What is the GTS formula for this new Porsche Cayman?
For the Cayman, there are some significant changes. There’s 15bhp more, for a total of 335bhp and 280lb ft of torque (7.4lb ft more) from that stunning 3.4-litre flat-six. There’s also a 10mm drop in ride height and PASM – that’s Porsche Adaptive Stability Management, normally a £970 extra – including adaptive dampers. It’s part of the standard Sports Chrono Pack (usually a £1376 option) that the GTS has been armed with, as well as 20in alloys, bi-xenon adaptive headlamps and blacked-out front and rear bumpers.
Hang on – isn’t all of this available as options on the Cayman?
Yes – apart from the power increase and the cosmetic changes. The benefit of the GTS pack, though, is that it’s £55k price makes it less than if you optioned up a Cayman S – the car that it’s based upon. You also get interior tweaks, including alcantara and leather seats, as part of the GTS treatment. If you want a harder-edged GTS, you can forgo the PASM and take the sports chassis as a no-cost option. It means a 20mm ride-height drop and no adaptive dampers. Whichever you choose, the GTS is faster for the money…

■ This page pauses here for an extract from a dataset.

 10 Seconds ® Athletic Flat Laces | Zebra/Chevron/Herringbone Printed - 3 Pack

Does it drive any differently?
Unless you drive it back to back, you probably won’t be able to tell. Yet this is the best combination of Cayman options and spec money can buy – and that makes this a car to shake the 911. From the moment you turn the key, that flat-six wins you over with its cackle, and that transforms to a bassy howl when you select Sport and pin the throttle. You won’t want to do this around town, as it turns the Cayman from an obedient coupe into a toey, angst-ridden machine that kicks down and runs through its seven-speed dual-clutch ’box like a bucking bronco.
That eagerness translates to throttle response and a tactility like nothing else this side of, well, a 911: the Cayman kicks back and launches, but not with a neck snapping wallop – despite cutting a substantial 0.3sec off the 0-62 claim, now 4.6 sec – but with a steady, even-handed urge.

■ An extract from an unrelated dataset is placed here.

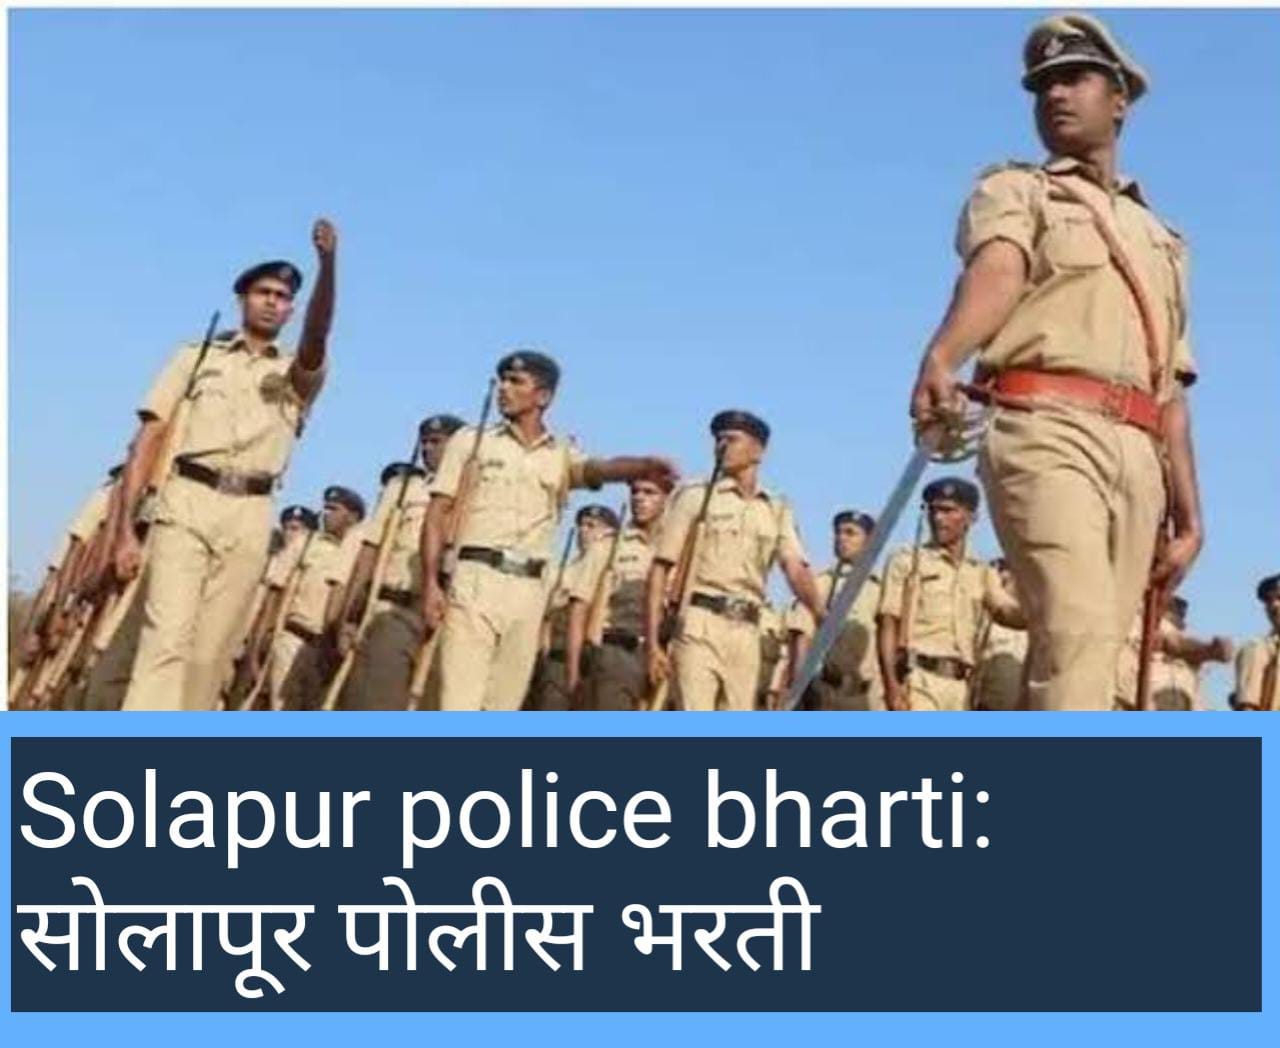 Solapur police bharti

While it may not rip your head off in a straight line, it’s when you start to attack corners like you’re suicidal that the Cayman’s utter ability shines through. The grip, the road holding and the accurate steering, which is weightier and has the edge over its drop-top Boxster brother – makes this one of the easiest and fastest cars to drive point—to-point.
Throw in £5.6k for the carbon-ceramic brakes that our test car was fitted with, and the balance, poise and composure of the GTS is near unrivalled – especially for the money.
If you’re after a base Cayman to take to the hills, the GTS is probably too much extra coin for you. Yet a large chunk of Cayman buyers tick the options box for larger alloys, Sports Chrono, etc, and have been urging Porsche for a model with a bit of added kick – and this is the car for them. The fact that it’s the best value Cayman – an S with added lustre – makes this the best Cayman. That makes it one helluva car.